The government will push a national-level "K-moonshot" project to strengthen science and technology competitiveness in the age of artificial intelligence (AI). It plans to reorganize research and development (R&D) around national missions by pooling dispersed research resources and capabilities, and to deliver results through a private expert–led operating system.
The Ministry of Science and ICT said on the 25th that the National AI Strategy Committee approved the "K-moonshot promotion strategy" at its second plenary meeting.
The government set a goal of doubling the share of top 1% most-cited papers from 4.1% to 8.2% by 2030. By 2035, it will seek to solve 12 national missions across eight sectors by leveraging science and technology AI.

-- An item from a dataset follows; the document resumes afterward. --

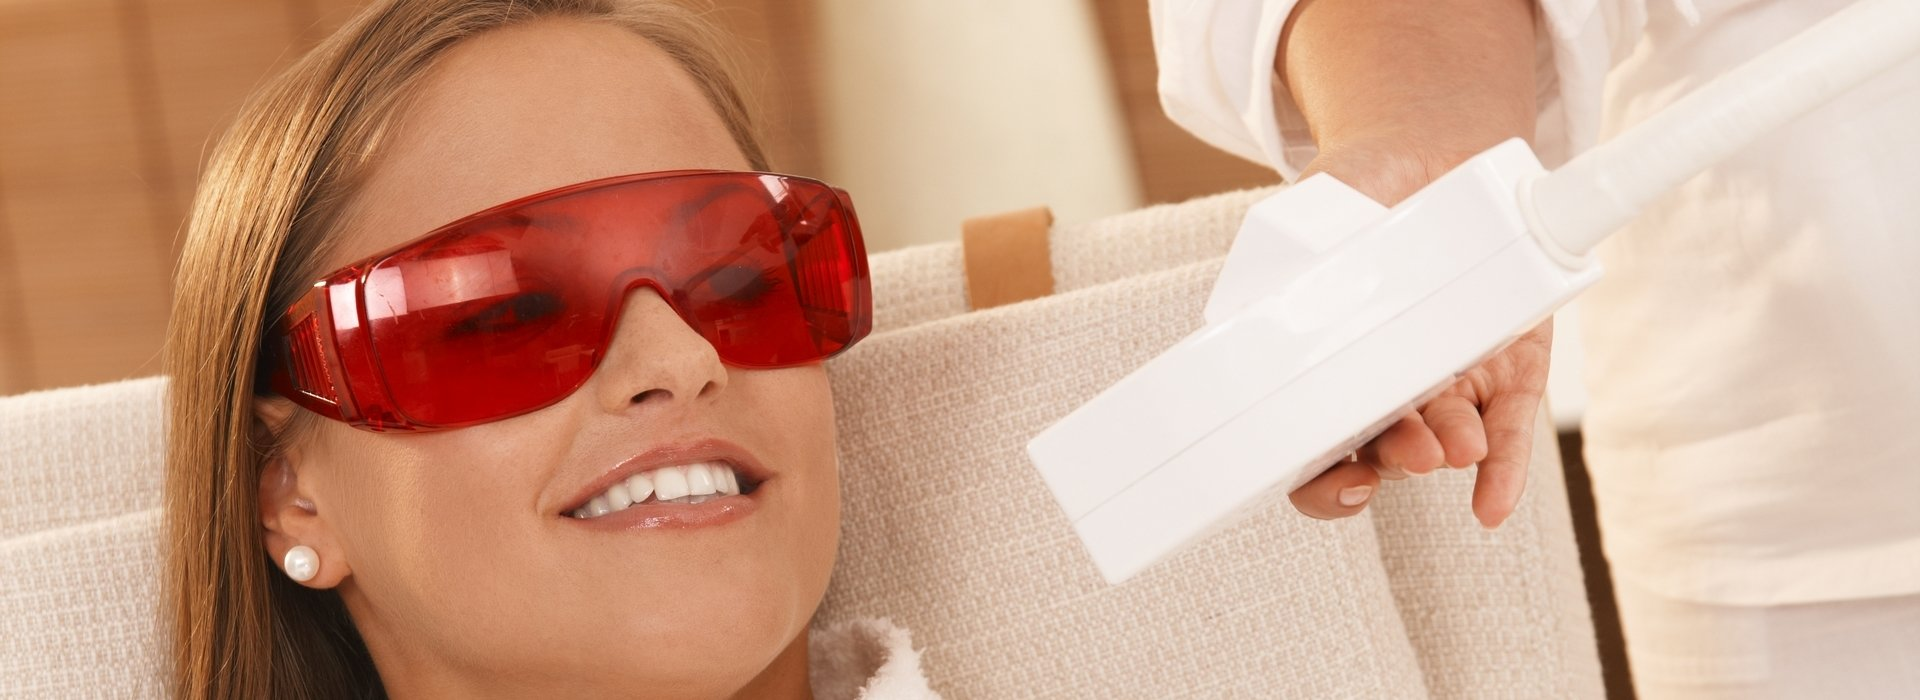 Myopia laser correction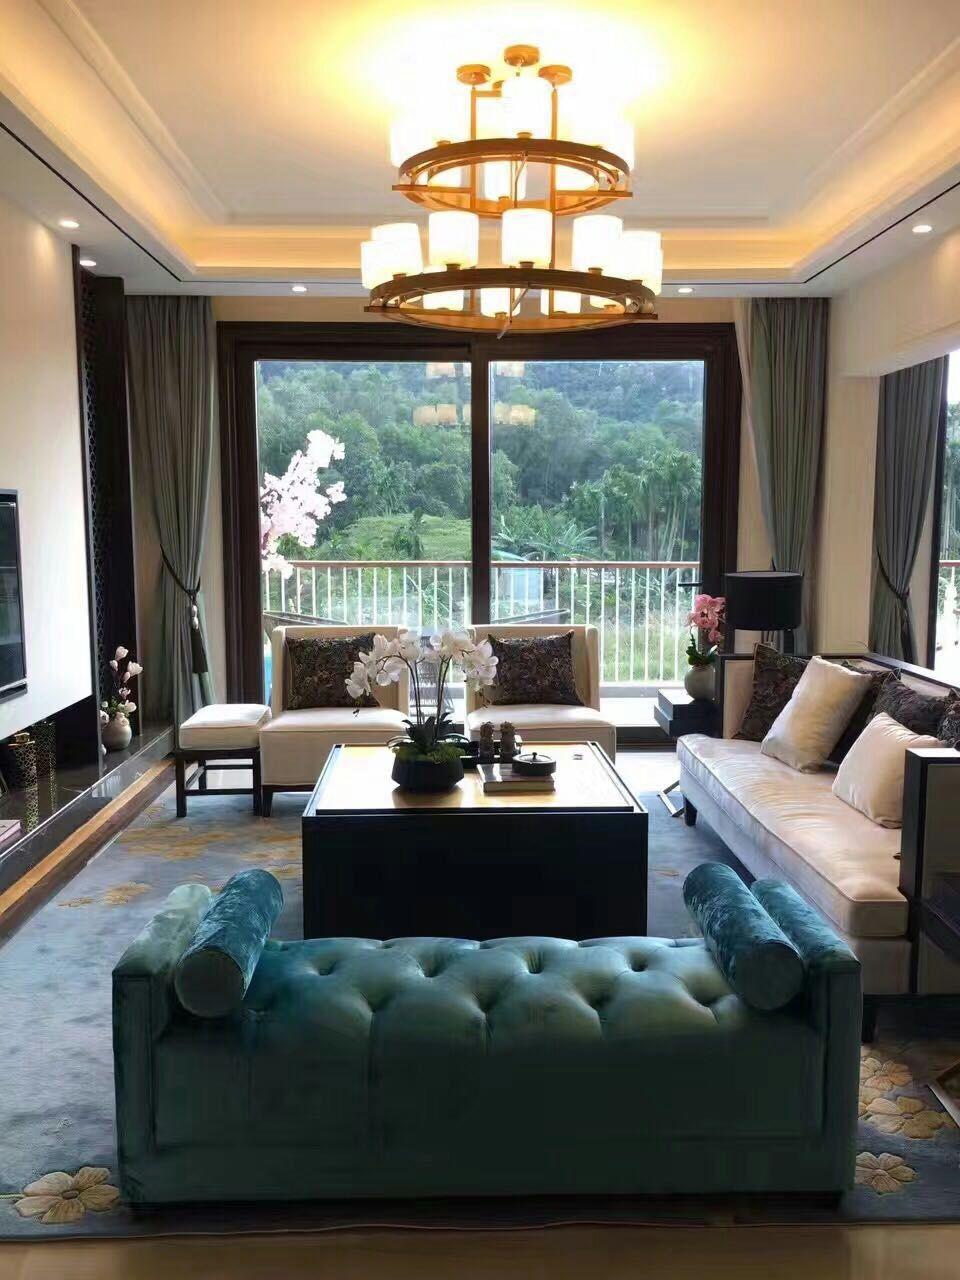 天丽墙纸(DELIGHT)简约现代北欧纯色成品棉麻窗帘布料 卧室客厅定制全遮光办公室

The core is building a "national science AI integrated platform." The government will provide integrated support for AI-dedicated research data, graphics processing units (GPUs), AI models, autonomous laboratories, and AI agents, and plans to secure more than 8,000 GPUs for science and technology AI by utilizing capacity including the sixth supercomputer.
It will also open research data from government-funded institutes and institutes of science and technology, and establish data standardization and sharing incentive systems. In six sectors—bio, materials, secondary batteries, semiconductors and displays, earth science, and mathematics—it will invest 464 billion won to develop science-specialized AI foundation models.
As candidates for national missions, 12 tasks in eight sectors—advanced bio, future energy, physical AI, space, materials, AI scientist, semiconductors, and quantum—were proposed. The government plans to finalize the missions next month after expert review and interagency consultations.
The K-moonshot will be run under a private program director (PD)–centered model. PDs for each mission will oversee coordination of existing projects, planning of new large-scale R&D, and integrated coordination of projects and budgets, and the government will also push to enact a special law to support this.
Bae Kyung-hoon, Deputy Prime Minister and Minister of the Ministry of Science and ICT, said, "Since the launch of the administration, by rallying all-out efforts from the public and private sectors around the National AI Strategy Committee, Korea has laid the foundation to be among the top three in AI," adding, "Now is the time to specify tasks that the public can feel and to implement them with speed, so it is important that all ministries cooperate to produce tangible results in earnest."